▶ **Data provided**
◆ ◆ ◆ ◆
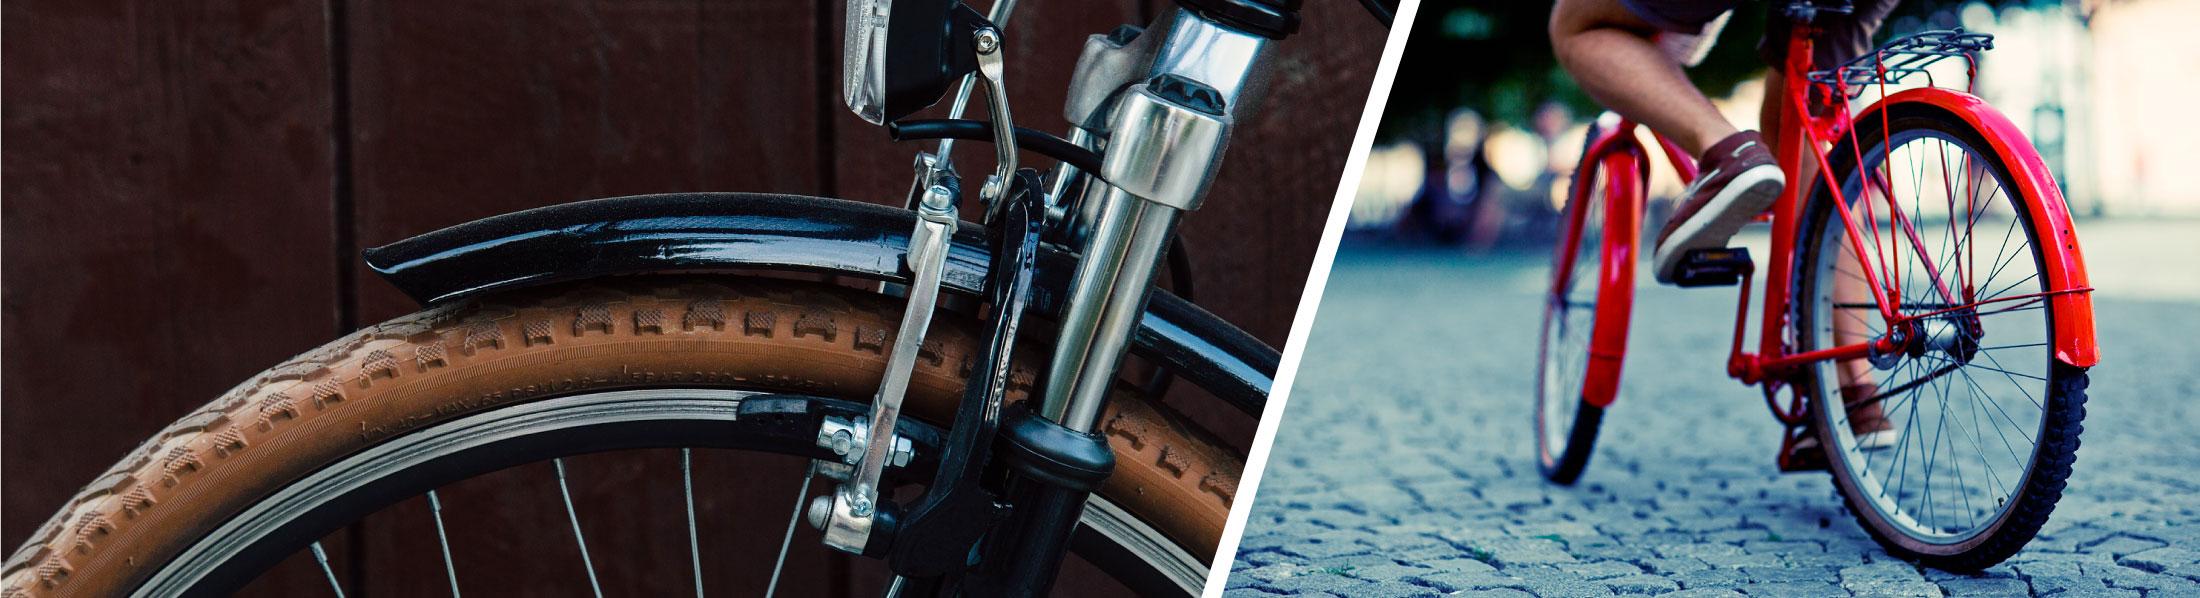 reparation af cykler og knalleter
◆ ◆ ◆ ◆
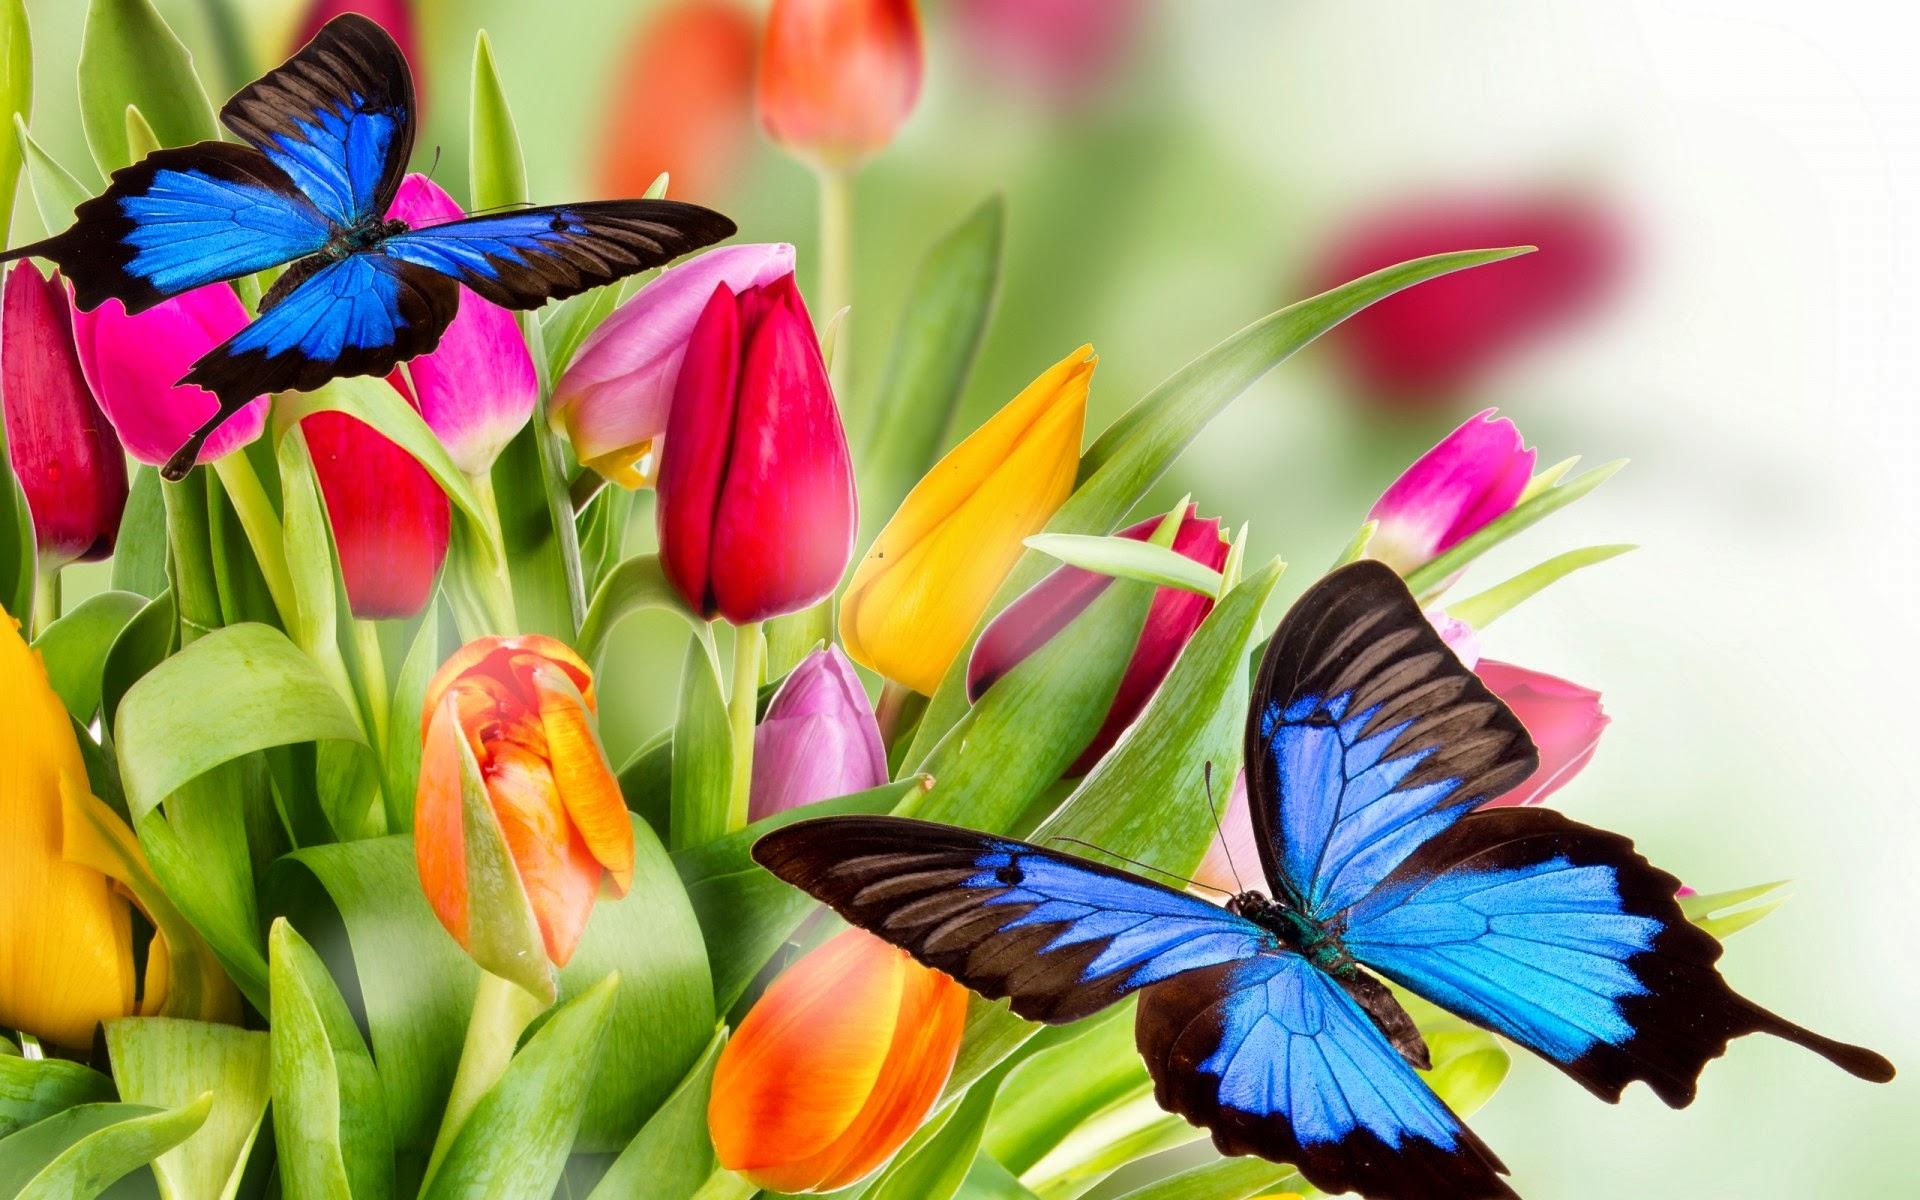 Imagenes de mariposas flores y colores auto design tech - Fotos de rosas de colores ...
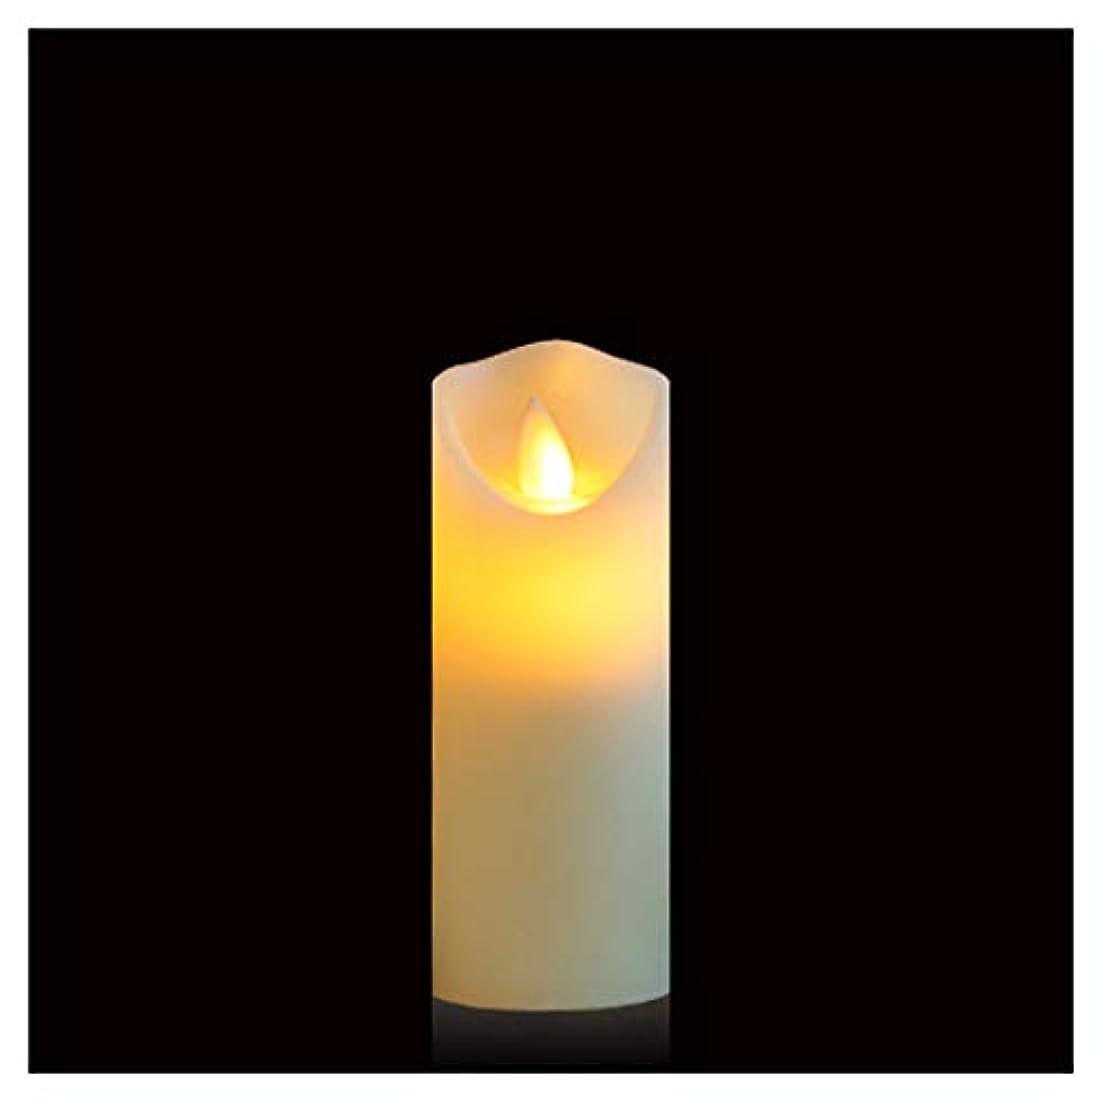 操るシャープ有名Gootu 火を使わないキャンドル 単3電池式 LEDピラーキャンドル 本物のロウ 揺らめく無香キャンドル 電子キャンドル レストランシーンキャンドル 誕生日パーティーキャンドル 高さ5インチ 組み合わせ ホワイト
◆ ◆ ◆ ◆
What you return from the records above should be exactly everything from the line with "Imagenes de mariposas" down to the line with "操るシャープ有名Gootu 火を使わないキャンドル 単3電池式", both kept, and no pictures.

▶ **Task solution**
 Imagenes de mariposas flores y colores auto design tech - Fotos de rosas de colores ...
 操るシャープ有名Gootu 火を使わないキャンドル 単3電池式 LEDピラーキャンドル 本物のロウ 揺らめく無香キャンドル 電子キャンドル レストランシーンキャンドル 誕生日パーティーキャンドル 高さ5インチ 組み合わせ ホワイト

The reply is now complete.